What are we to conclude about such a remarkable evolutionary journey when it has brought us to this point? How should we, both as a species and as stewards of the planet, continue the legacy of not only our resourceful hominid ancestors but of life itself? What can we do, you and I, to ensure that the most noteworthy species ever to exist on this planet (and perhaps any other) does not participate in its own undoing? Finally, how do things change when we expand our perspective to include all life on Earth, even that which might one day develop on our planet—do we have a responsibility to those life forms?

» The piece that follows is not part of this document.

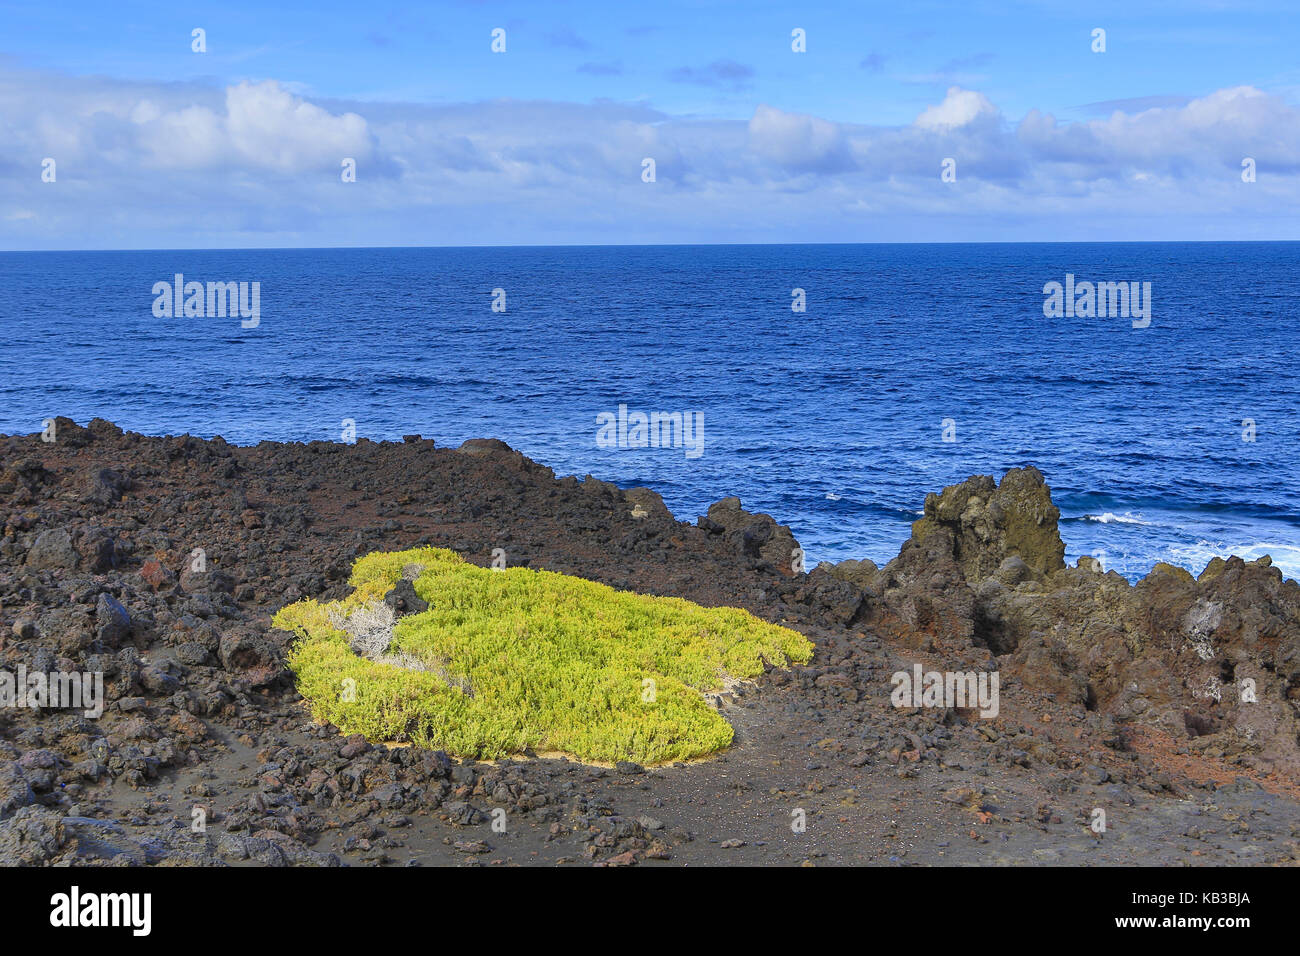 Spain, Canary islands, Lanzarote, Timanfaya national park, Los Hervideros, coast, lava rock, plants, vegetation, Stock Photo

This book will attempt to answer these questions by framing modern humans in a new light. When we become familiar with our own evolution—indeed, with the evolution of all life on Earth—we will better understand both our capacities and our limitations. But biology is only the starting point. As Homo sapiens have proven since their inception, the capacity for advancement is dictated not by genetics but by our capacity to imagine, to create, to communicate, and to share. Shaping the very thoughts we think is quintessentially human, and it is as capable of leading us astray as it is of creating a new and better way of life. It is this kind of thought revolution which offers us the chance to instigate a new kind of evolution. We have the chance to achieve, in a cosmic instant, the kind of cultural evolution which will—like the biological one we have already undergone—put every other species to shame, and propel humanity toward a bright future.